Unlike Actimmune in IPF, Exondys 51 is approved by the FDA in DMD patients with amenable mutations, despite (like Actimmune in IPF) the lack of convincing evidence of efficacy. Exondys 51 was approved by the FDA under an accelerated approval that required the conduct of two confirmatory placebo-controlled Phase 3 studies. At the time of the accelerated approval in 2016, these studies were expected to complete in November 2020. The larger of these two studies was supposed to have started in January 2020 and to complete in October 2024.
I was taught in a big pharmaceutical company never to ask a clinical question to which you would not like the answer. The classical case is a label expansion from acute to chronic use. Under the International Council for Harmonisation of Technical Requirements for Pharmaceuticals for Human Use (ICH) guidelines, chronic use requires a two-year animal carcinogenicity study whose outcome, even for a drug that has been in short-term use in millions of patients, would be uncertain. Typically, pharmaceutical companies don’t risk the (relatively certain) existing sales in an acute indication for a possible label expansion that might demonstrate a carcinogenicity risk and thereby eliminate all sales.
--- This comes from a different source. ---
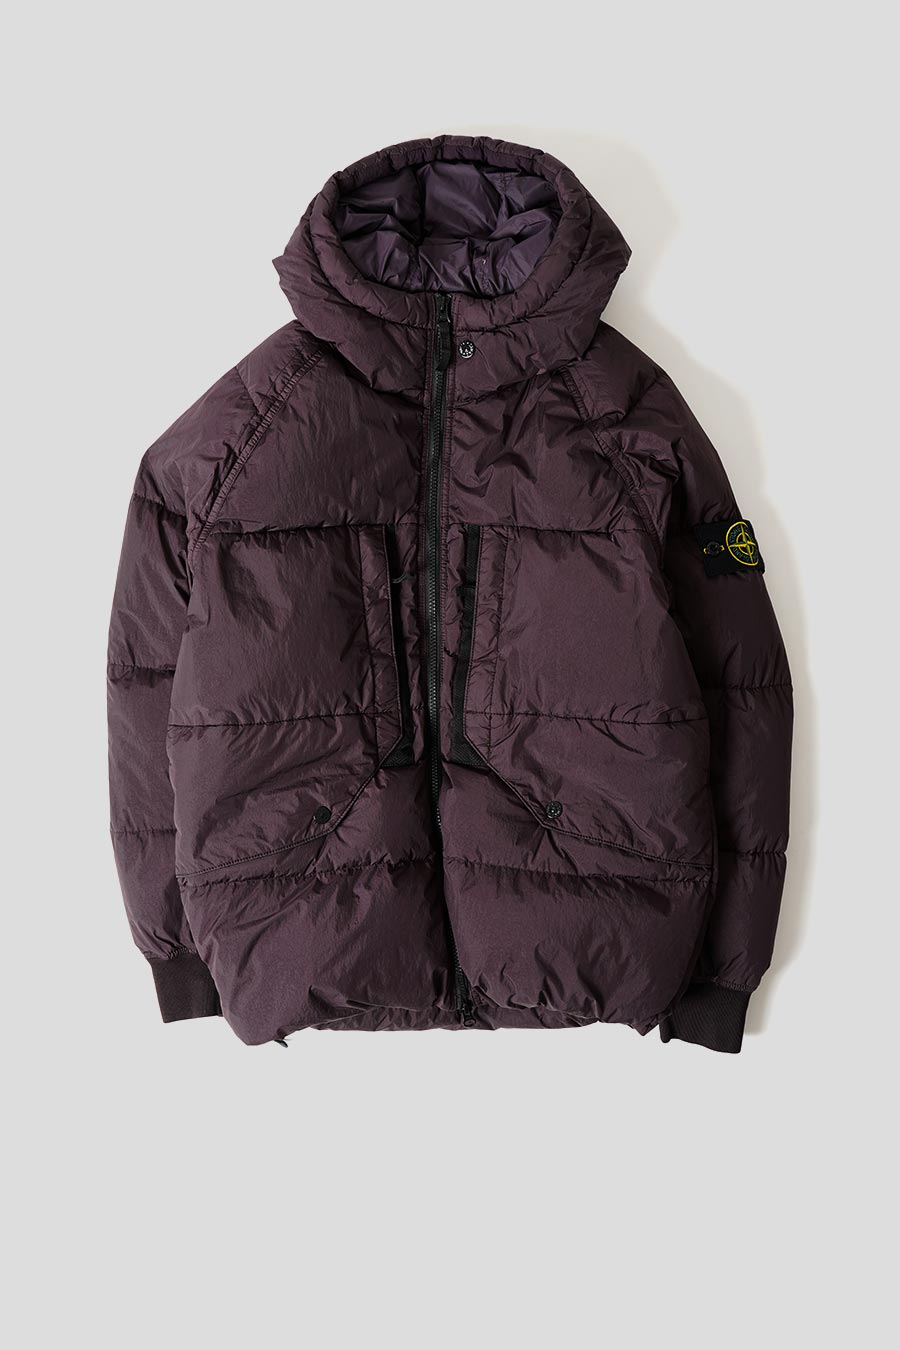 Stone Island - VESTE GARMENT DYED CRINKLE REPS RECYCLED NYLON DOWN ROUGE VIGNE - LE LABO STORE
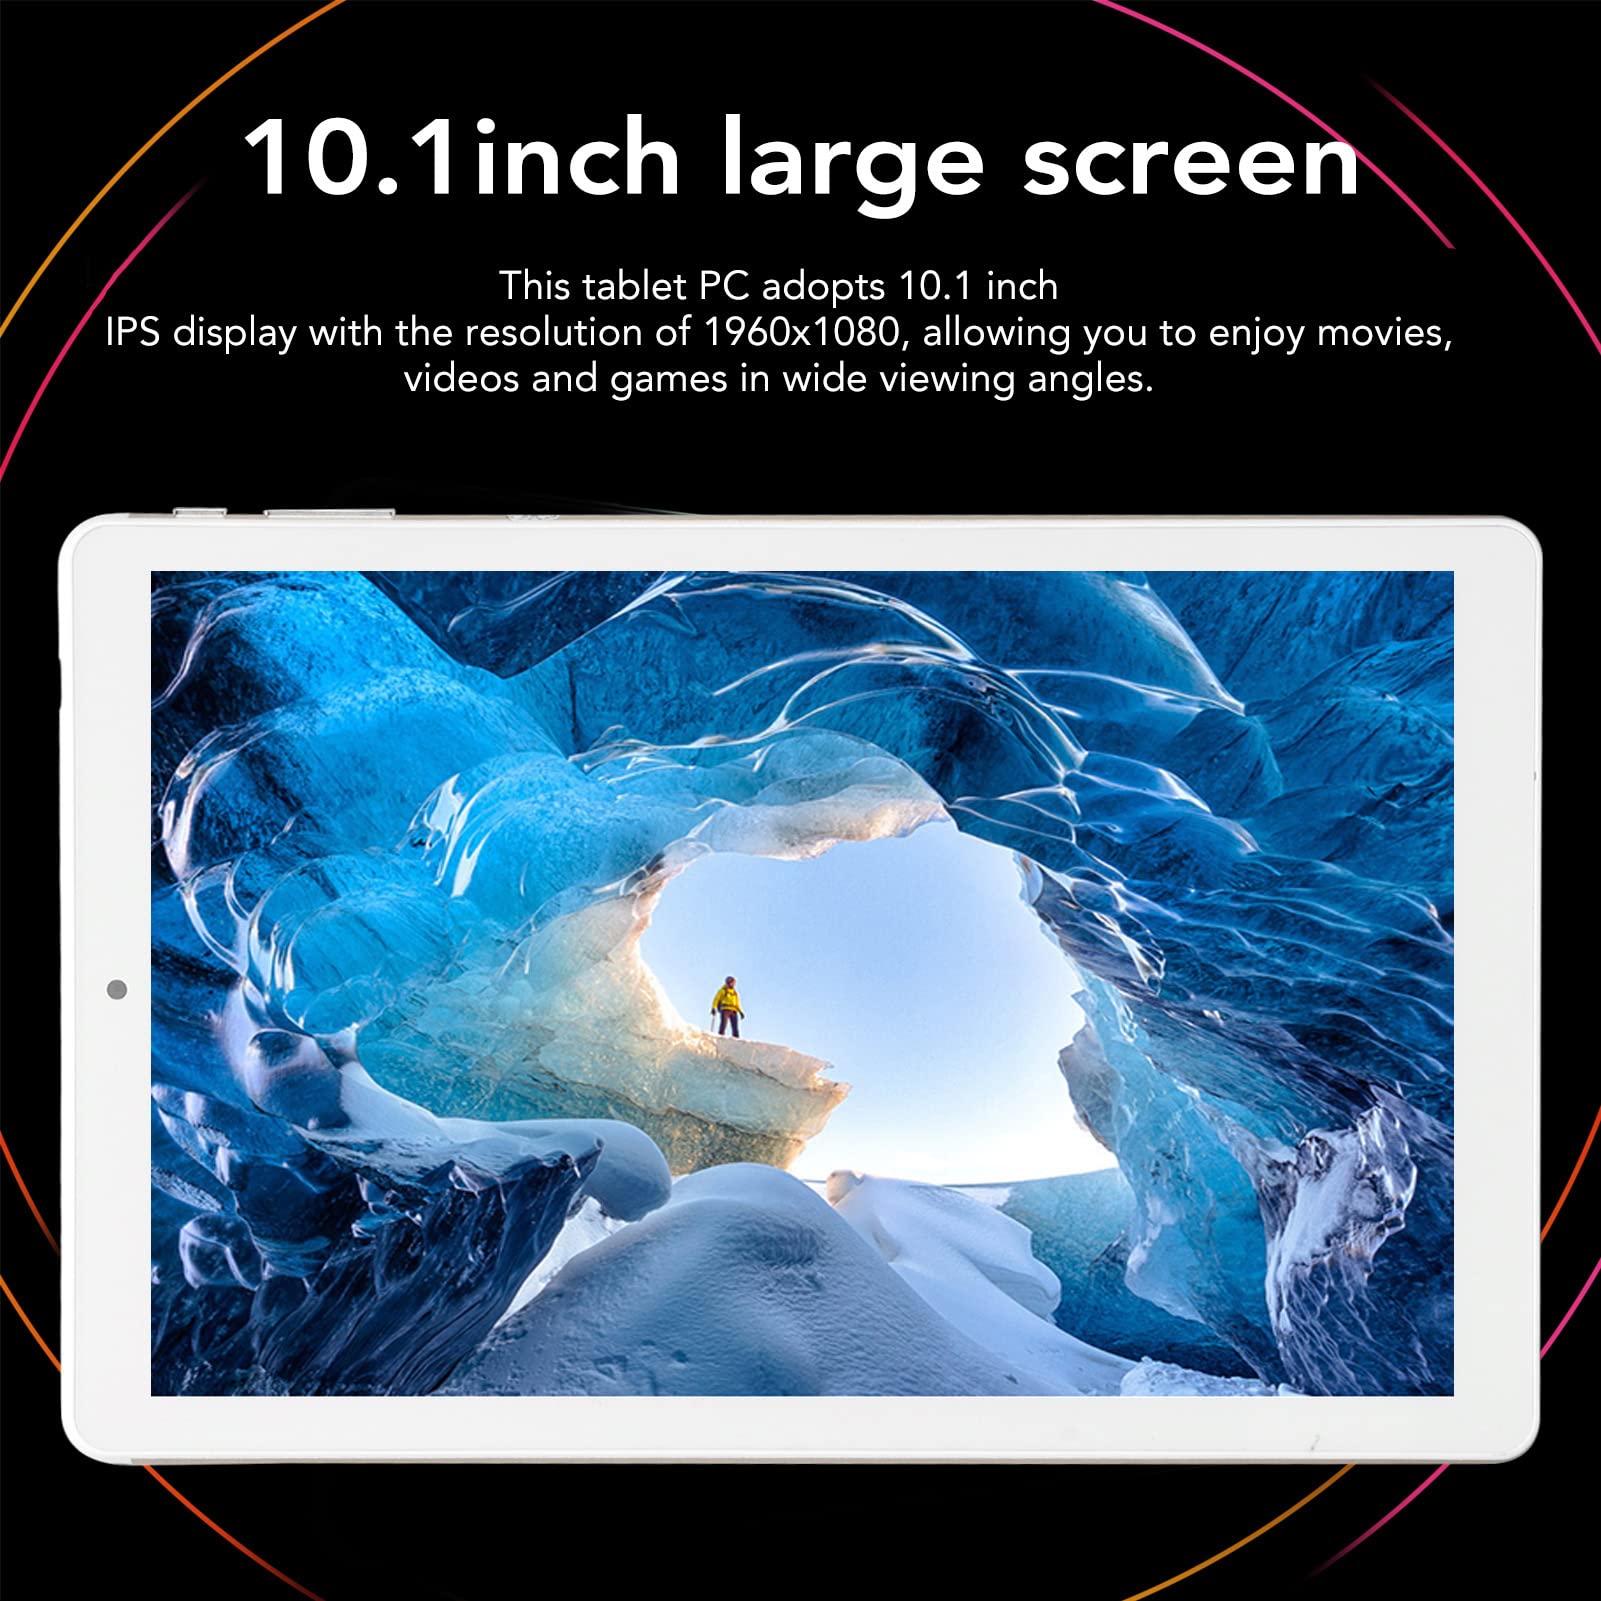 Focket 10.1 Inch Tablet, 6GB 128GB Tablet Octa Core Processor Tablet for Android 11, IPS Display HD Tablet 5G Tablet WiFi Dual SIM Portable Tablet Gaming Tablet 8800mAh Long Tablet (US Plug)

So the seven-year lag in InterMune’s announcement of a Phase 2/3 program for Actimmune in IPF before its eventual failure could be seen as successfully eking out sales before an unpalatable clinical answer. In the same way, Sarepta’s eight-year delay for its confirmatory study for Exondys 51 is having the same effect.
Just as Actimmune’s revenues stopped growing four years before its failure in IPF, Sarepta’s fourth-quarter 2019 sales of Exondys 51 grew just 1.1% over the third quarter of 2019. Sarepta’s fourth-quarter Exondys 51 revenues of $100.1 million were in line with analysts’ consensus estimates but its fourth-quarter loss per share of $3.16 ballooned past their estimates of $1.85, having accelerated from the $0.85 loss in the fourth quarter of 2018. The analysts at JMP Securities were not as forgiving as the market when they lowered their price target on Sarepta by 23%. Sarepta’s stock price finished the week down 3% compared to the NASDAQ Biotech Index’s 5% fall.
Ethical Objections to the Absence Of Efficacy
Biogen (NASDAQ: BIIB) appears all set to submit a BLA for its anti-amyloid antibody aducanumab for Alzheimer’s disease in 2020. This, despite a Phase 3 program previously halted for futility and a later highly contentious post hoc analysis that showed some efficacy in some endpoints in only one of two identical Phase 3 studies.
Sarepta and Biogen have argued that conducting placebo-controlled confirmatory clinical trials after the FDA has already approved a product is unethical from the perspective of patients who would be in the placebo arm of such a study. This is however disingenuous, since ethical objections would typically assume that the active arm is efficacious—something neither InterMune, nor Sarepta, nor Biogen has yet proven. Even if the FDA continues with its laissez faire attitude to drug approvals and confirmatory studies, revenue growth like clinical efficacy seems eventually to be curtailed by real-world evidence.